Roscosmos Director-General Dmitry Rogozin said during a TV interview that aired last Friday that the Russian Academy of Sciences has been investigating UFO sightings dating back to the 1970s. And while 99.9 percent of them were atmospheric or other physical phenomena unrelated to intelligent life, the academy does accept that extraterrestrial life could exist.
Rogozin conceded that some people believe human beings are being observed by other intelligent life forms the way humans study microbes. But most of the reports he’s reviewed are from Soviet test pilots in the 1970s whose sightings usually occurred during their first test flights.
Last month, the US House held the first public hearings on UFOs in over fifty years.
A House intelligence subcommittee heard testimony from Under Secretary of Defense for Intelligence and Security, Ronald Moultrie, and Deputy Director of Naval Intelligence, Scott Bray. Moultrie and Bray are overseeing the Pentagon’s new task force to investigate “unidentified aerial phenomena (UAPs)
Last year, the Office of the Director of National Intelligence reported that there had been 144 UAP encounters from 2004 to 2021. Bray told the committee that the number of encounters logged in the UAP database is now about 400. However, since some of those were historical or anecdotal, Bray expects that number to drop over time.
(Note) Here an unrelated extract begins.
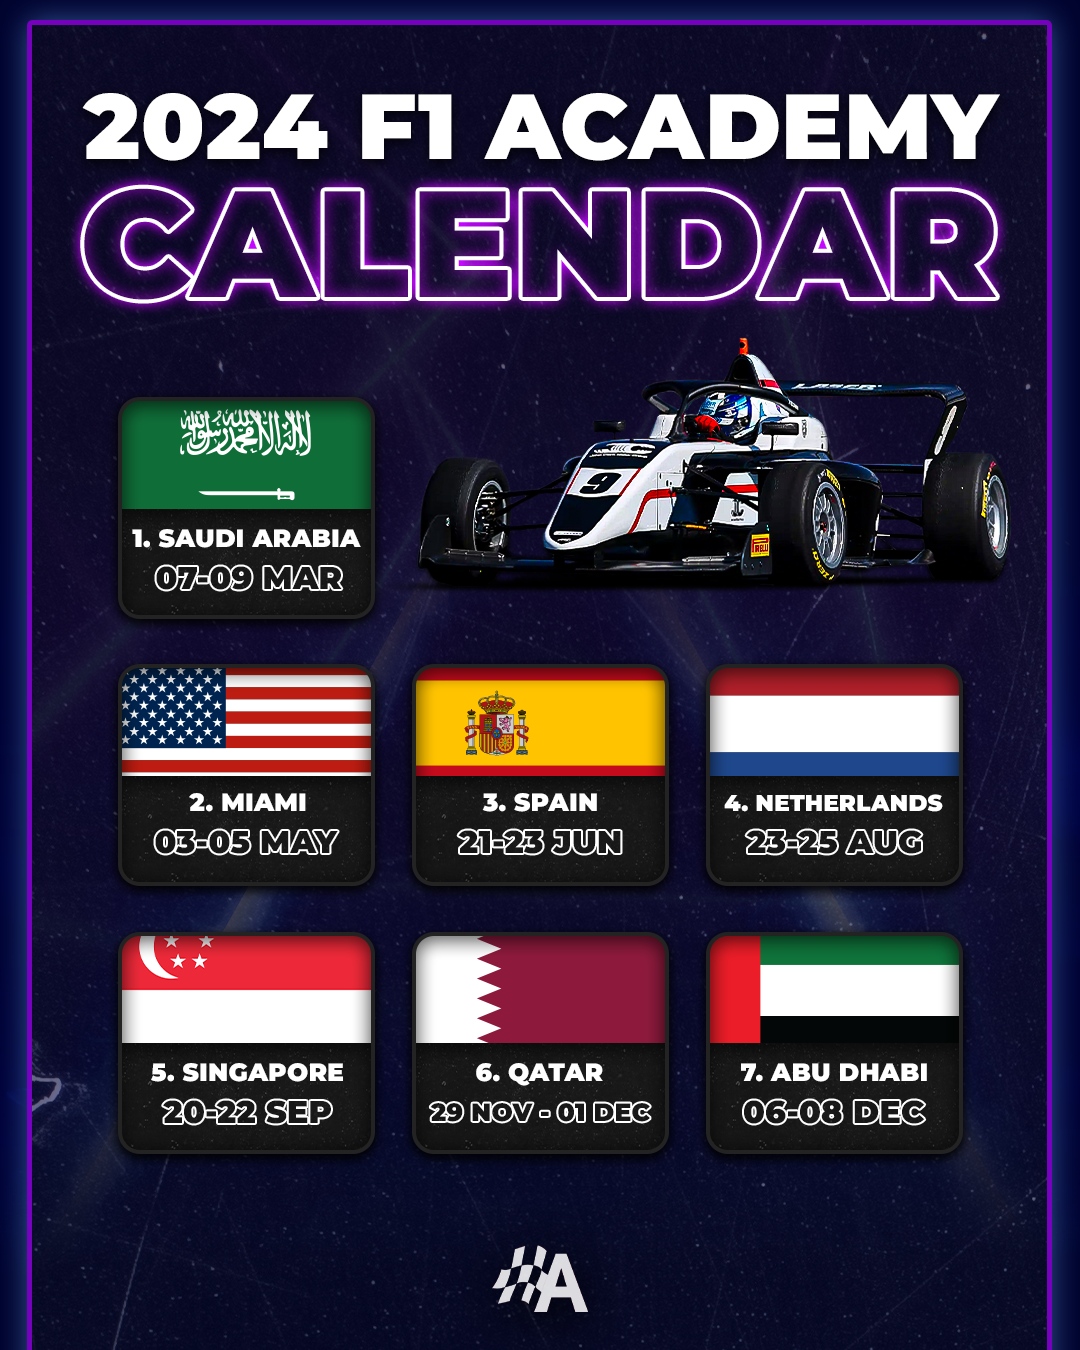 Motorsport Jobs в X: „The 2024 F1 Academy calendar.“ / X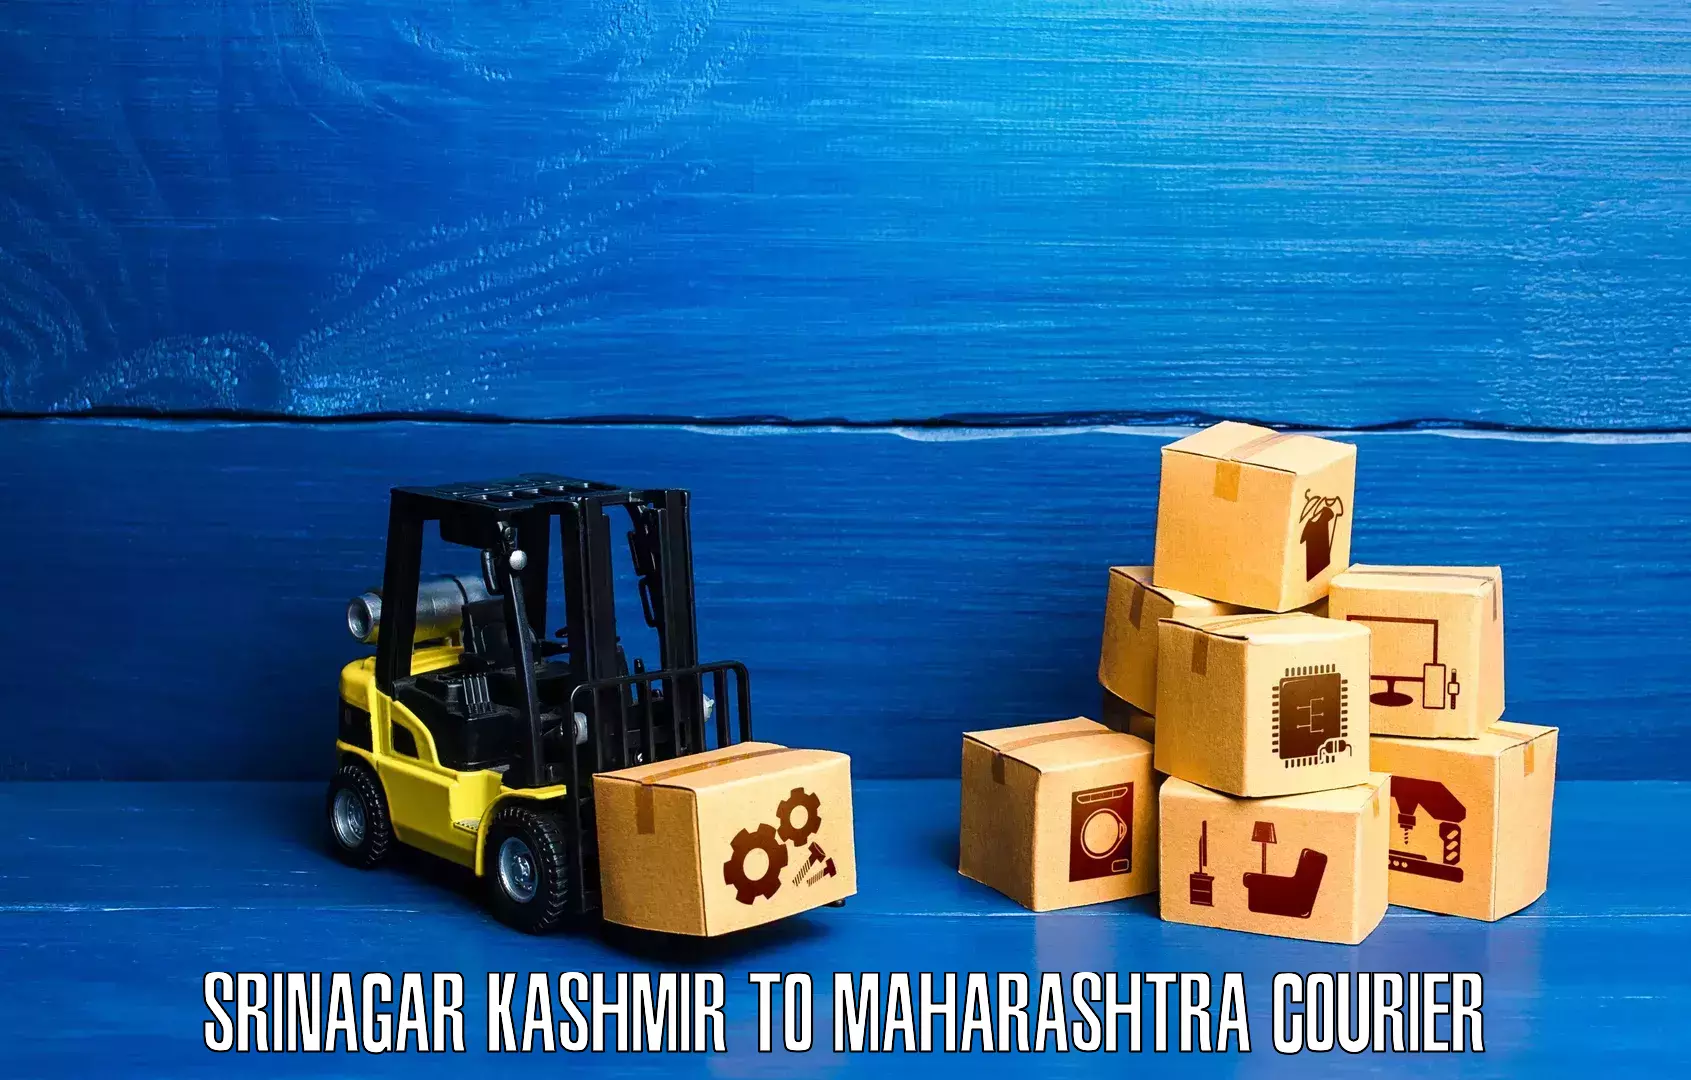 Cargo delivery service Srinagar Kashmir to Maharashtra

The subcommittee was shown a video clip declassified by the Pentagon of one UAP encounter with a pilot at a US Navy training base. The clip showed a spherical object zooming past at an extremely high speed.
Another image released by intelligence officials showed strange glowing triangles in the sky. However, after investigation, those triangles were revealed to be unmanned drones, Bray explained.
Both Bray and Moultrie repeatedly assured members of the subcommittee that the task force would seek to be more transparent than the Pentagon has been in the past regarding UAPs. They told the lawmakers that information under their purview that does not pose a national security risk will be declassified.